Shilu 實錄 "veritable records" are a kind of chronicle centered on the rule of a single emperor. They is arranged chronologically and refer to all important political, economical, military and cultural decisions and events, records natural disasters and social circumstances, as well as private affairs of emperors, like marriage or funerals. Veritable records include an abundance of material and are written with great accuracy in each detail. They often served as blueprints for the compilation of official dynastic histories (zhengshi 正史).
The language of the memorials included in the veritable records is highly standardized and does not always refer to matters in a direct way.
The earliest surviving veritable records are those of Emperor Wu 梁武帝 (r. 502-549) from the Liang period 梁 (502-557), the Liang huangdi shilu 梁皇帝實錄 compiled under the supervision of Zhou Xingsi 周興嗣 (469-521).
From the Tang period 唐 (618-907) on it became custom that after the death of every emperor, the veritable records of his rule were compiled. The compilation had to be ordered by his successor and was done by an especially grouped staff of historians who combed the archives for important documents to be included.

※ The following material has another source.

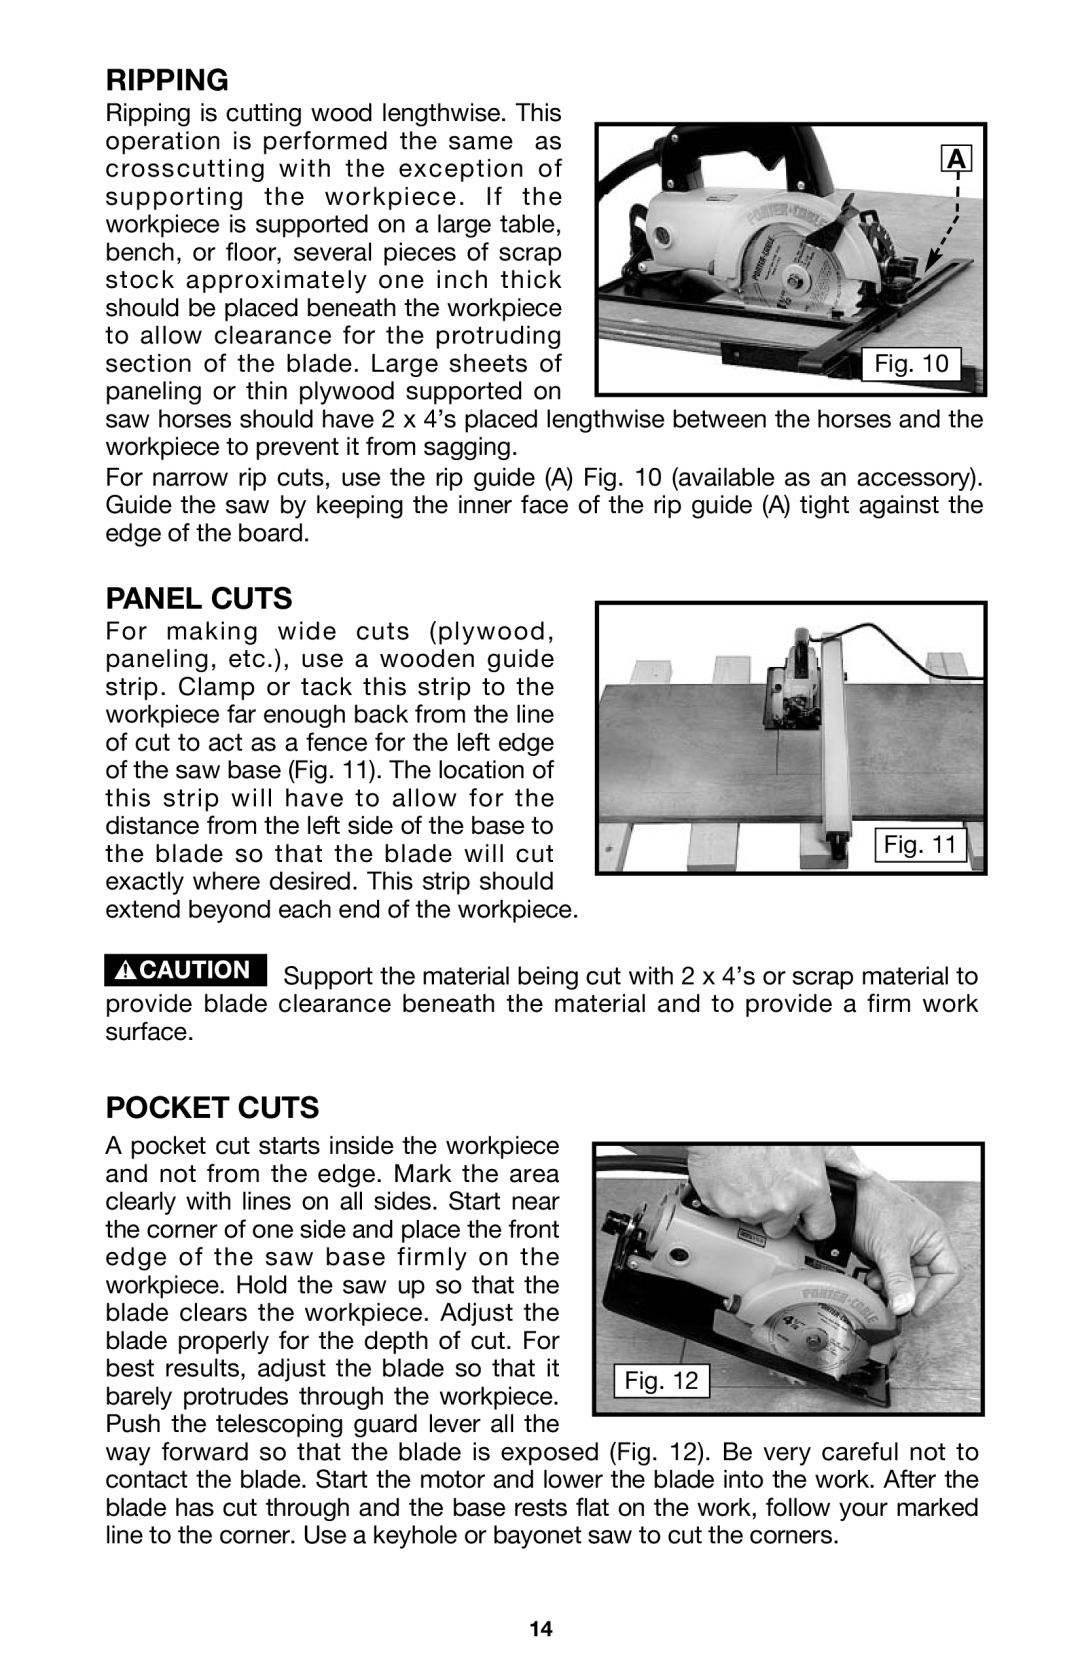 PYLE Audio 314 instruction manual Ripping, Panel Cuts, Pocket Cuts

The last veritable records were compiled for the Guangxu Emperor 光緒 (r. 1874-1908) of the Qing dynasty 清 (1644-1911). Of all 116 veritable records, only a small part has survived. From the Tang period, only those of Emperor Shunzong 唐順宗 (r. 805) survive, the Shunzong shilu 順宗實錄, compiled under the supervision of the writer, historian and philopher Han Yu 韓愈 (768-824). From the Song period 宋 (960-1279), only a fragment of 20 juan of the vertiable records of Emperor Taizong 宋太宗 (r. 976-997) survive, the Taizong shilu 太宗實錄.
In rare cases, private writings can bear the title of "veritable records", like Li Ao's 李翱 (774年-836) Huangzu shilu 皇祖實錄 from the Tang period.